Если Константин прав, мне нечего делать в городе. Мой муж растворился в закате, а без работы ипотеку и все счета я не потяну. В родном городе есть, где жить, пусть всего лишь «двушка» на четвертом этаже девятиэтажки, но мама и папа меня не прогонят. Поищу работу по профилю, глядишь, все наладится.
Затушила сигарету и набрала номер телефона матери. Рассказала все, как есть.
– Возвращайся, что-нибудь придумаем, – вздохнула она. – Я скажу папе, что ты завтра будешь дома. И подай, наконец, на развод. На черта тебе такой муж?
– Я считаю, что у меня больше нет мужа.
– В паспорте стоит печать о браке. От нее надо избавиться.
– В суде госпошлину надо платить, а мне нечем.
– Не затягивай с разводом, Аня. Денег он не дает, дочкой не занимается.
– Ладно, ладно…
До позднего вечера я собирала вещи. Поместятся ли наши с Евой шмотки в багажник моей машины?
– Возьмем самое нужное, а за остальным я вернусь на выходных. В конце концов, летние наряды вряд ли понадобятся нам до поздней весны, а на носу зима, – вслух рассуждала я. Но Ева сосредоточенно таскала за мной следом своих кукол и мягкие игрушки.
–Положи самых нужных в свой рюкзачок, – командовала я.
– И сервиз для кукол, мама?
– И сервиз.
– А карандаши?
– Карандаши тоже клади.
Треск ломаемой входной двери раздался внезапно. В следующие три секунды она просто слетела с петель и с грохотом повалилась на пол в прихожей.
Ева, вздрогнув, бросила игрушки и кинулась ко мне.
Я с ужасом смотрела на четверых мужчин в черных масках с автоматами.
– Где фотографии? – ткнул дуло автомата мне в горло один из них.
– Какие…фотографии? – едва слышно прохрипела я и заслонила собой дочь.
– Которые этот ублюдок обещал отдать очень нехорошим людям!
– Я не понимаю…
Удар по лицу наотмашь заставил меня громко вскрикнуть. На языке появился солоноватый привкус. Я схватилась за щеку и разбитые губы. Ева вцепилась мне в ногу и заревела.
Один из налетчиков остался дежурить у двери, а двое других принялись обыскивать квартиру.
Мужская рука в черной перчатке впилась в мои волосы и притянула к лицу в черной маске.
– Где фотографии?!
– Я не… не знаю, о чем вы говорите… Кто он?

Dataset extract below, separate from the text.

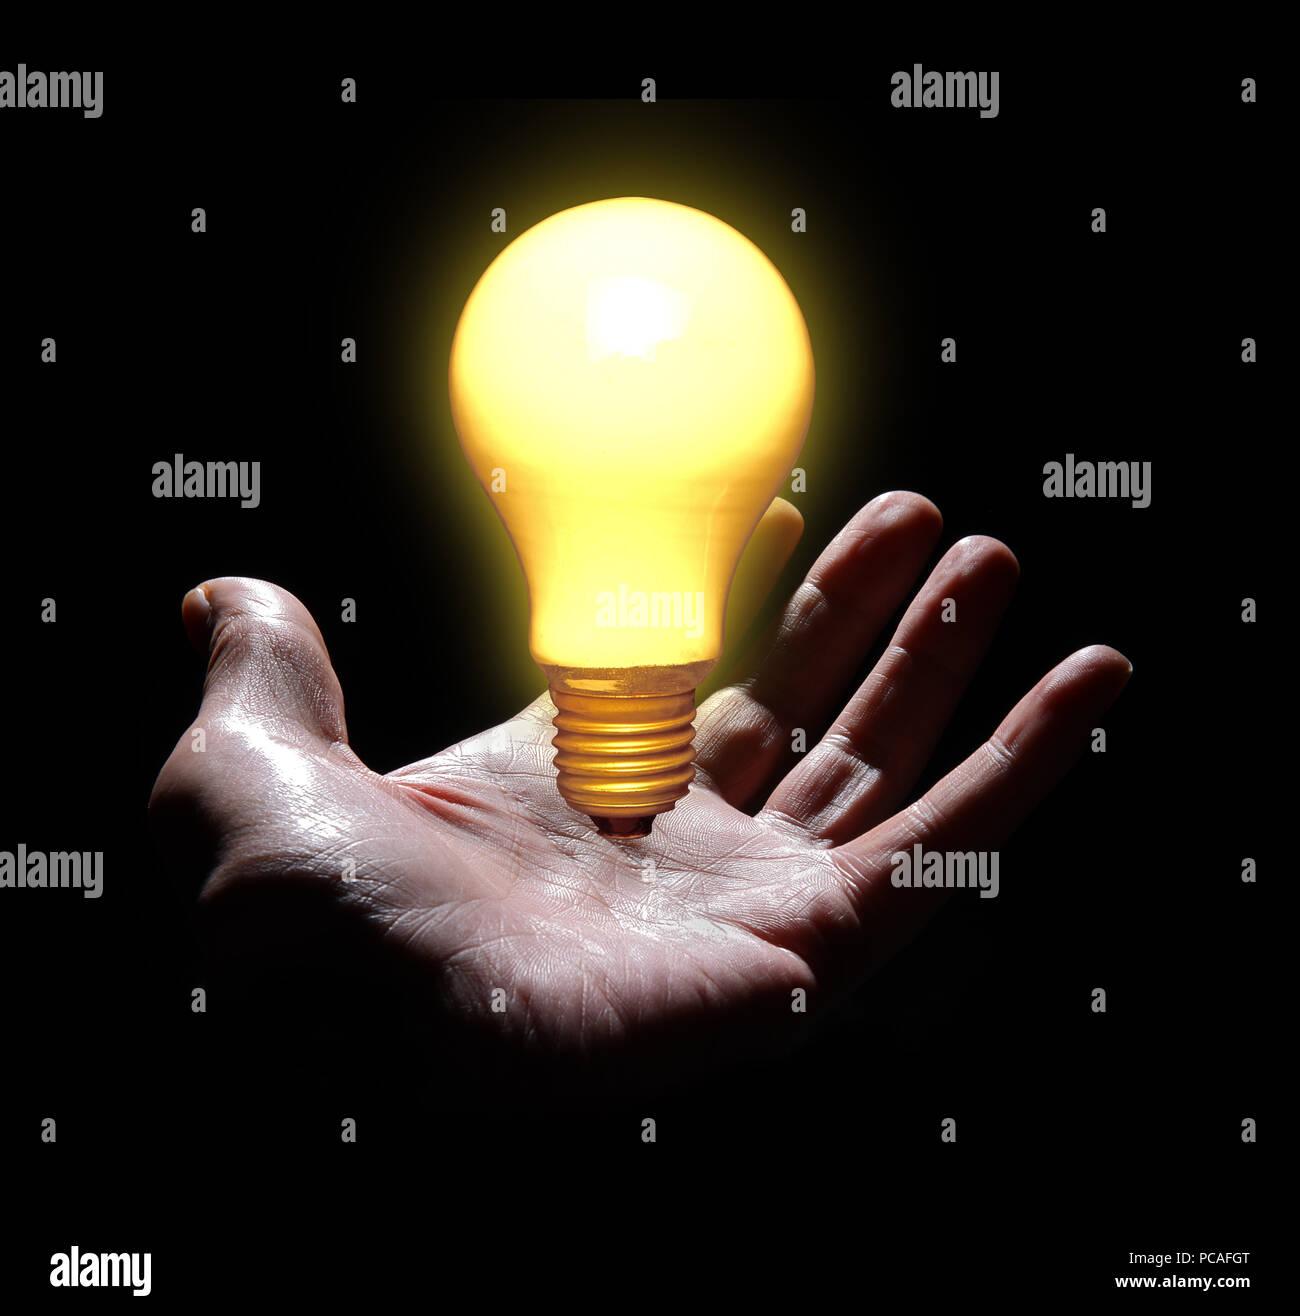 Hand and lightbulb. - Stock Image

– Твой муж, сучка! Где он их прячет?!
– Я не видела мужа уже почти год! Он забыл, что такое платить за дочкин детский сад и ипотеку! Как я могу знать, где он что-то прячет, если его здесь не было черте сколько времени?!
– Покрываешь его?! Я научу тебя говорить правду!
Впервые в жизни меня бил мужчина. Швырнул на пол и жестоко, беспощадно избивал под вой обезумевшей от страха дочки. Я беспомощно прикрывалась руками и глухо стонала. Перед глазами плыли круги, а он не унимался.
– Советую тебе вспомнить, где твой муж прячет фотографии, – раздалось откуда-то сверху.
– Я не знаю… не знаю… – беспомощно хрипела я. – Я не видела его много месяцев… он нас бросил…
– Дэн, хорош ее мутузить! Она ничего не знает. На почтовом ящике висит почти сорок отправленных ему писем, – раздался другой голос где-то рядом со столом.
И все исчезло.
Я очнулась на полу от всхлипываний сидящей у меня в ногах Евы. Перед глазами плыли красные круги. Квартира была больше похожа на помойку. Разбросанные вещи, битая посуда.
– Мама-а-а… мамочка-а-а…. Проснись, пожалуйста, проснись…
Кое-как села на полу. Вытерла кровь.
– Ева, немедленно собирайся, – приказала онемевшими губами. – Мы уезжаем сейчас же. Я только умоюсь… и не реви. Мы должны быть сильными. Кроме нас самих нам никто не поможет…
Дочка затихла. Поднялась с пола и опрометью бросилась к дивану, где лежал ее рюкзачок.
Мне было больно. Болели ребра, грудная клетка, разбитые губы саднило. Стиснув зубы, я приказала себе подняться и идти в ванную комнату.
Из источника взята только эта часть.